2.3- Facilité du travail de l’éleveur

Du point de vue de l’éleveur, des animaux peureux vis-à-vis de l’homme sont souvent plus difficiles à manipuler et à diriger (Waiblinger et al. 2006). Il parait donc intéressant d’habituer les animaux à des contacts positifs puisque nous avons vu que cela permet, entre autres, de supprimer les comportements agressifs (Boivin et al. 1992) et les tentatives de fuite (Becker et Lobato 1997) lorsqu’un homme est présent.

Par exemple, des bovins en allaitement artificiel, nourris deux fois par jour par un animalier, sont plus rapidement triés et restreints dans un coin que des animaux au pâturage ou en stalles libres, ayant donc moins de contact avec l’homme (Boivin et al. 1992).

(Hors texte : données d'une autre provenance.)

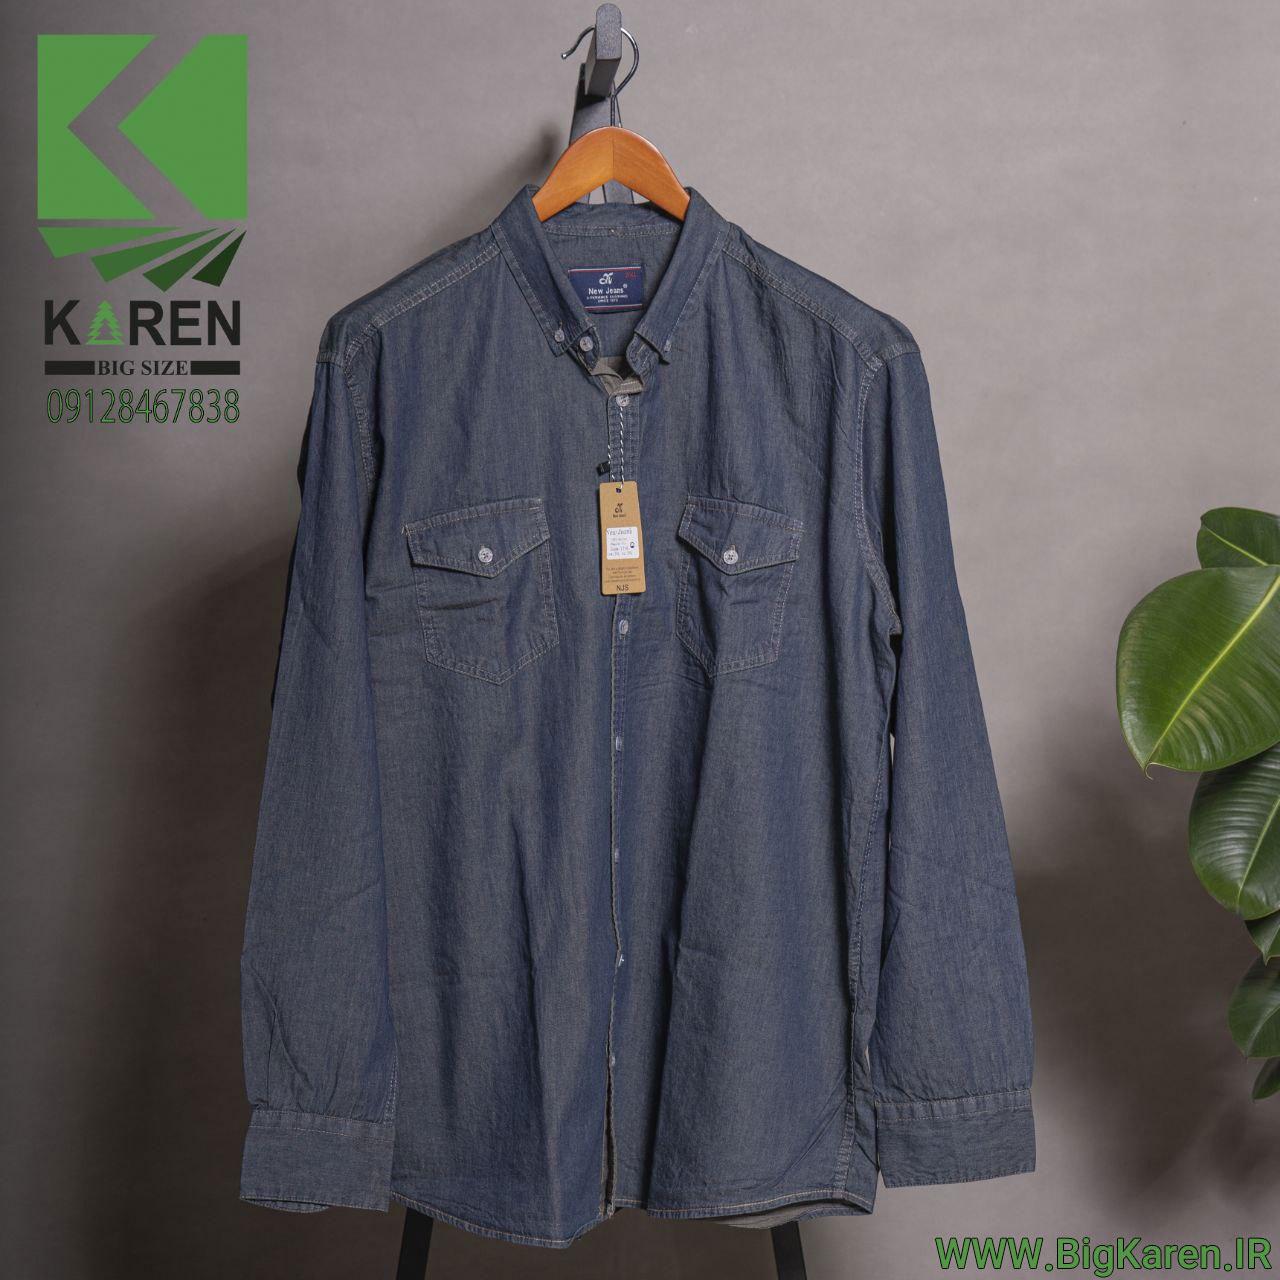 پیراهن سایز بزرگ جین مردانه دو جیب رنگ سرمه ای خرید اینترنتی از سایت بیگ کارن

Ainsi, le comportement positif de l’animalier pendant la période d’élevage permet de diminuer la réponse émotionnelle des veaux à la manipulation et au transport et donc de réduire les incidents lors de ces activités, ainsi que le temps qu’elles nécessitent. Ces animaux demandent également moins d’efforts pour être chargés et déchargés, facilitant par conséquent le travail des éleveurs (Lensink et al. 2001). Cela est aussi efficace pour les actes vétérinaires (palpation rectale, insémination) : les réactions de stress (coups de pieds, agitation) peuvent être réduites par une manipulation positive antérieure et/ou par un contact doux pendant la procédure. Cela diminue le risque d’incidents et le temps nécessaire à cet acte (Waiblinger et al. 2004).